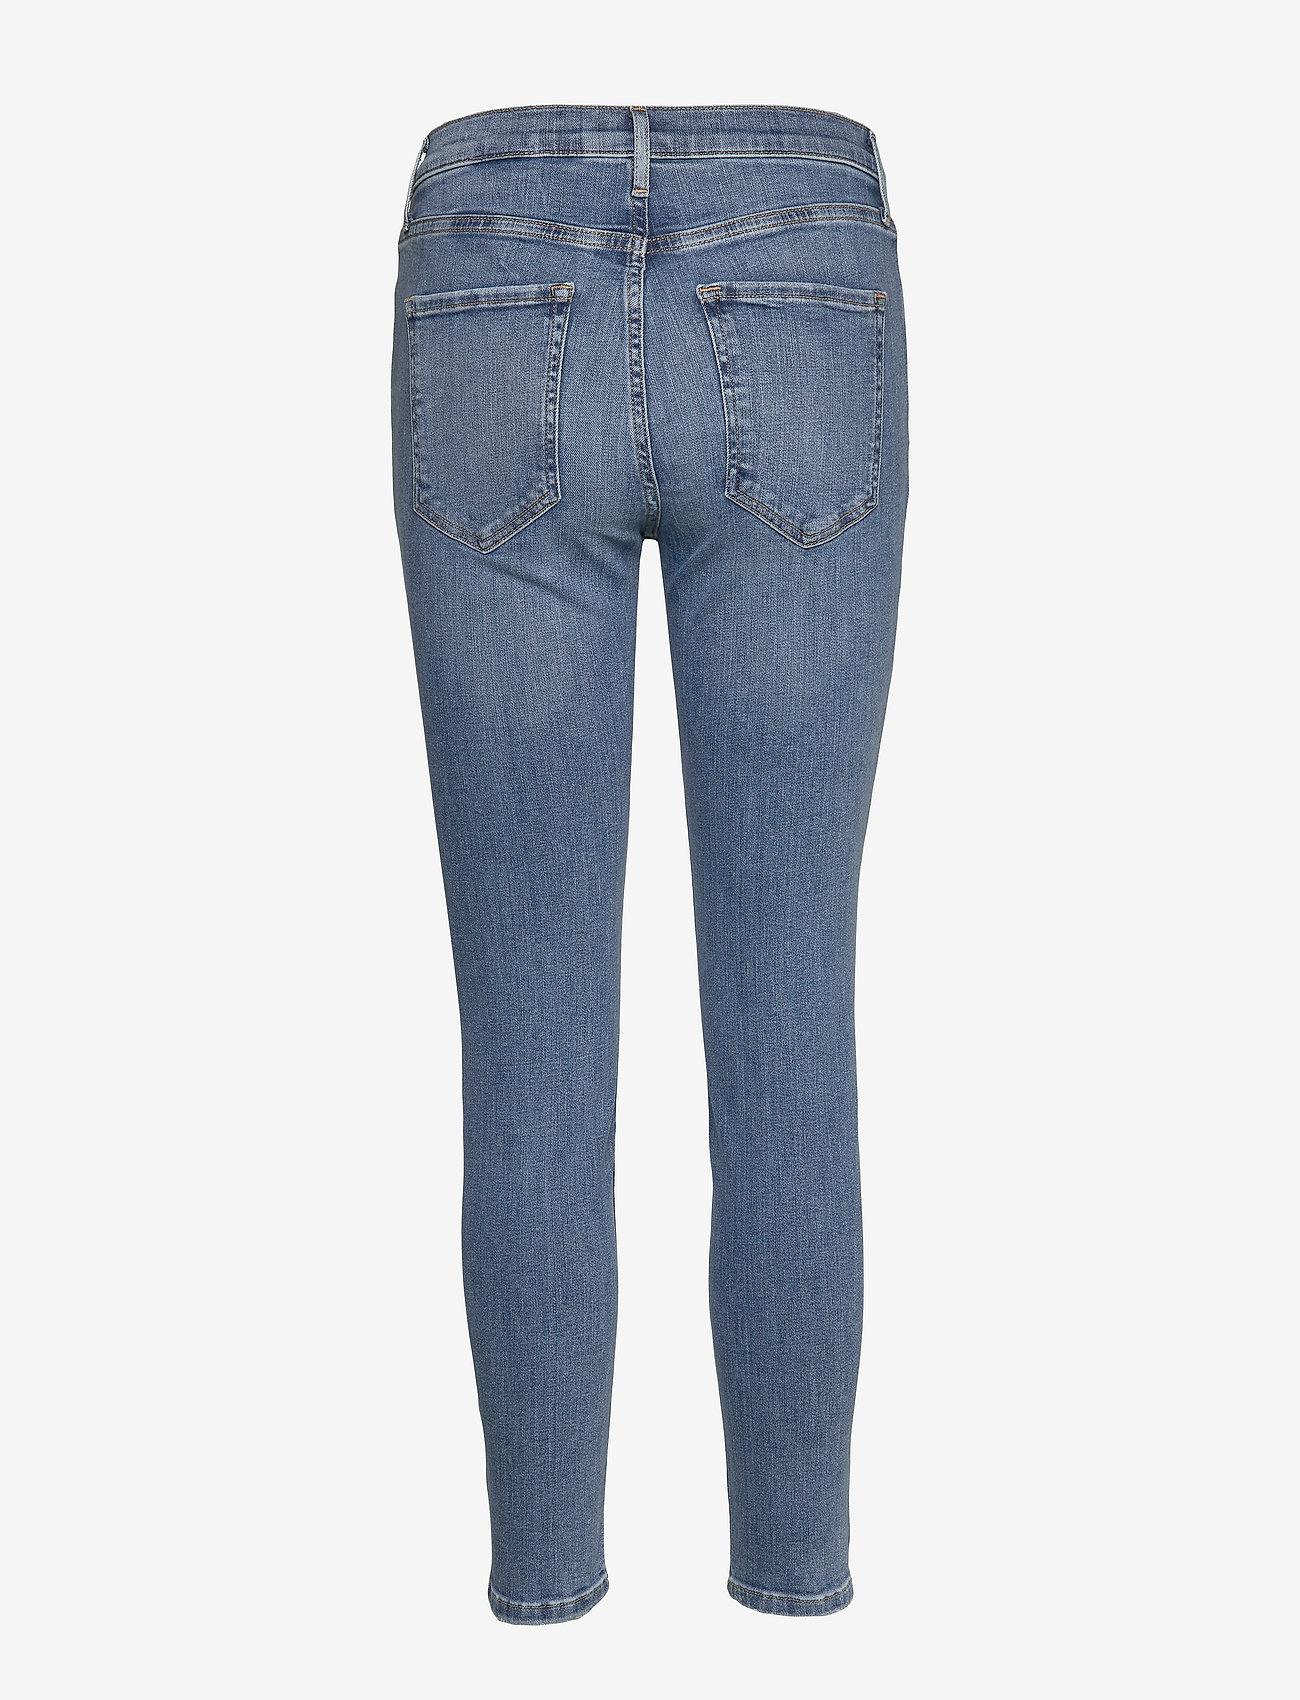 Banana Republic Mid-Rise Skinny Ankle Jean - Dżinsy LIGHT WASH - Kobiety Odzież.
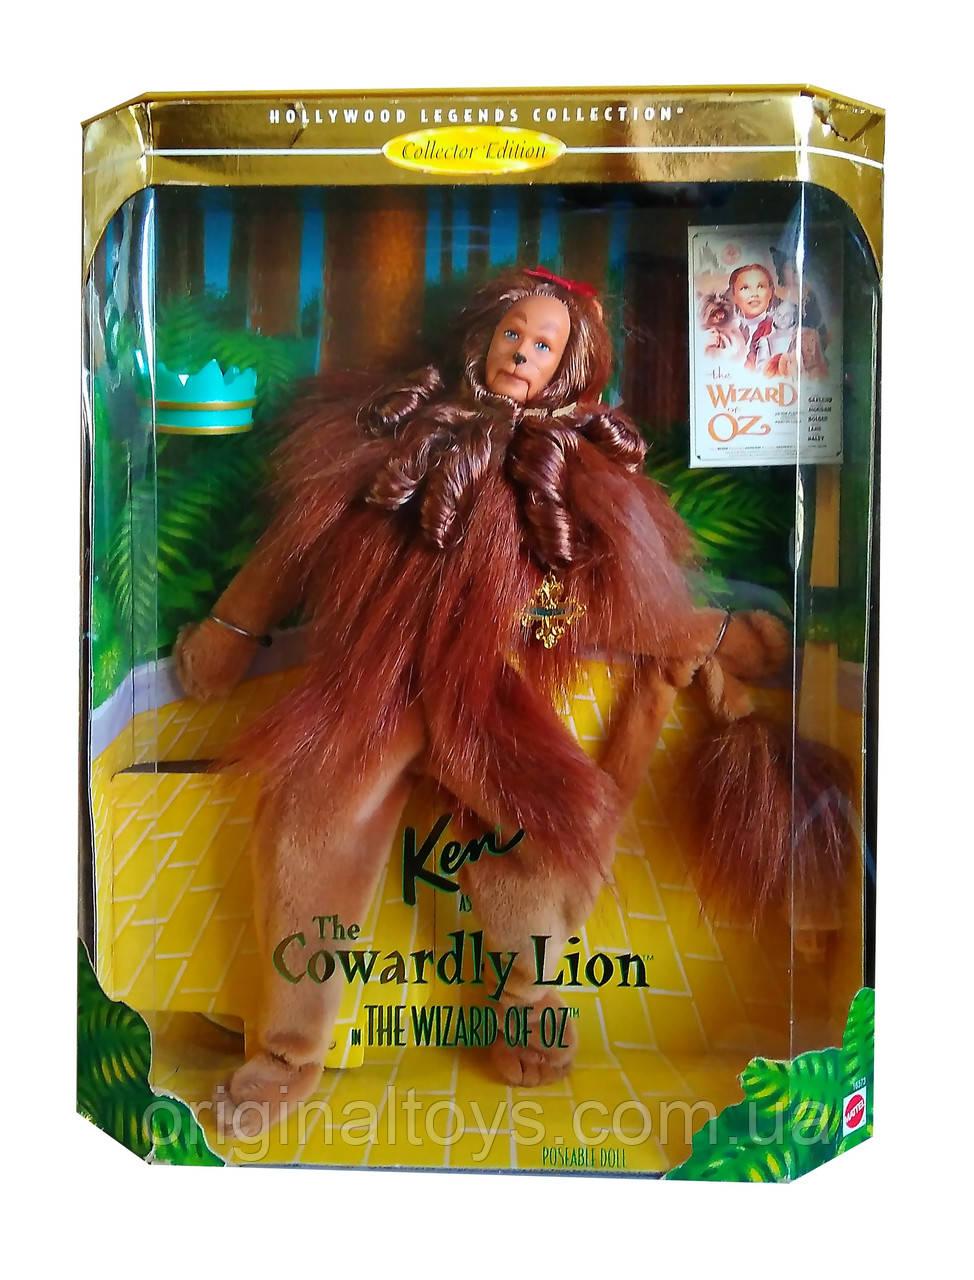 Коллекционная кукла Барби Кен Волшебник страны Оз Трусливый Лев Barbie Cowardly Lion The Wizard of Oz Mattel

^^^^^^^^^^^^^^^^

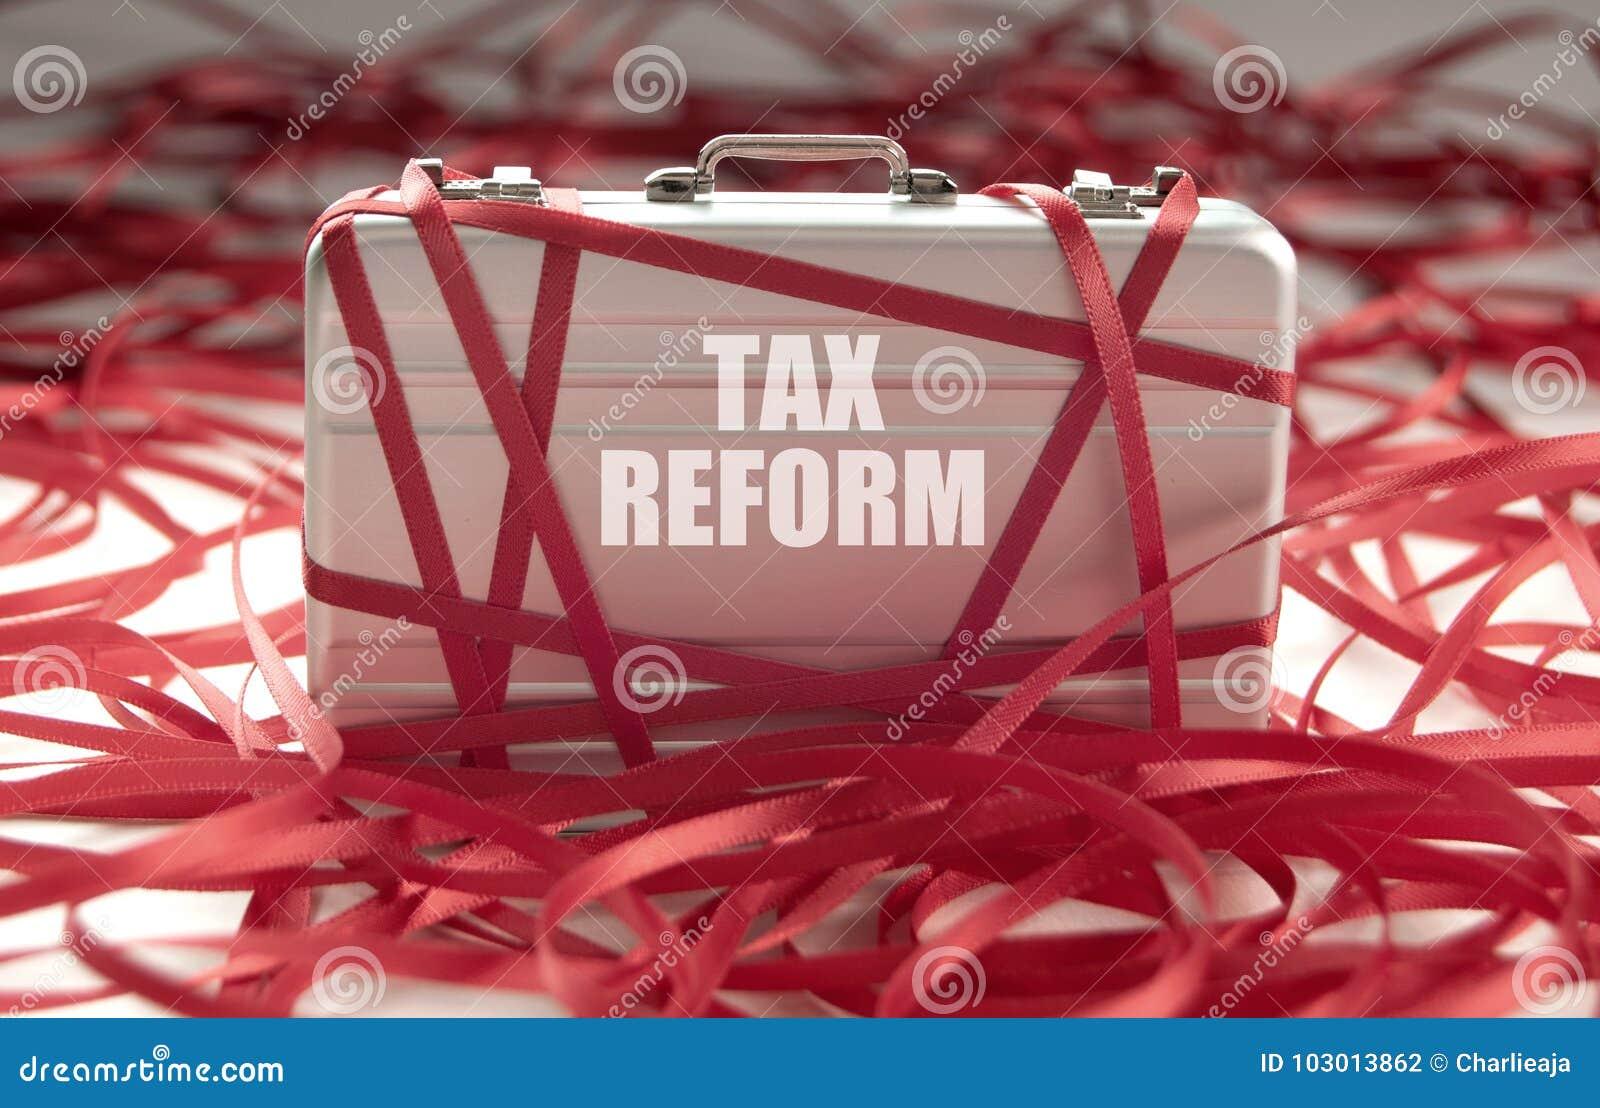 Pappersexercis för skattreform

^^^^^^^^^^^^^^^^

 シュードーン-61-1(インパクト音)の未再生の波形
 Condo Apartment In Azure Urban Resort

^^^^^^^^^^^^^^^^

Work order:
Output exactly the lines of the listing above that start with the one holding "Banana Republic Mid-Rise" and go on through the one holding "Коллекционная кукла Барби"; leave the pictures out.

Written answer:
 Banana Republic Mid-Rise Skinny Ankle Jean - Dżinsy LIGHT WASH - Kobiety Odzież.
 Коллекционная кукла Барби Кен Волшебник страны Оз Трусливый Лев Barbie Cowardly Lion The Wizard of Oz Mattel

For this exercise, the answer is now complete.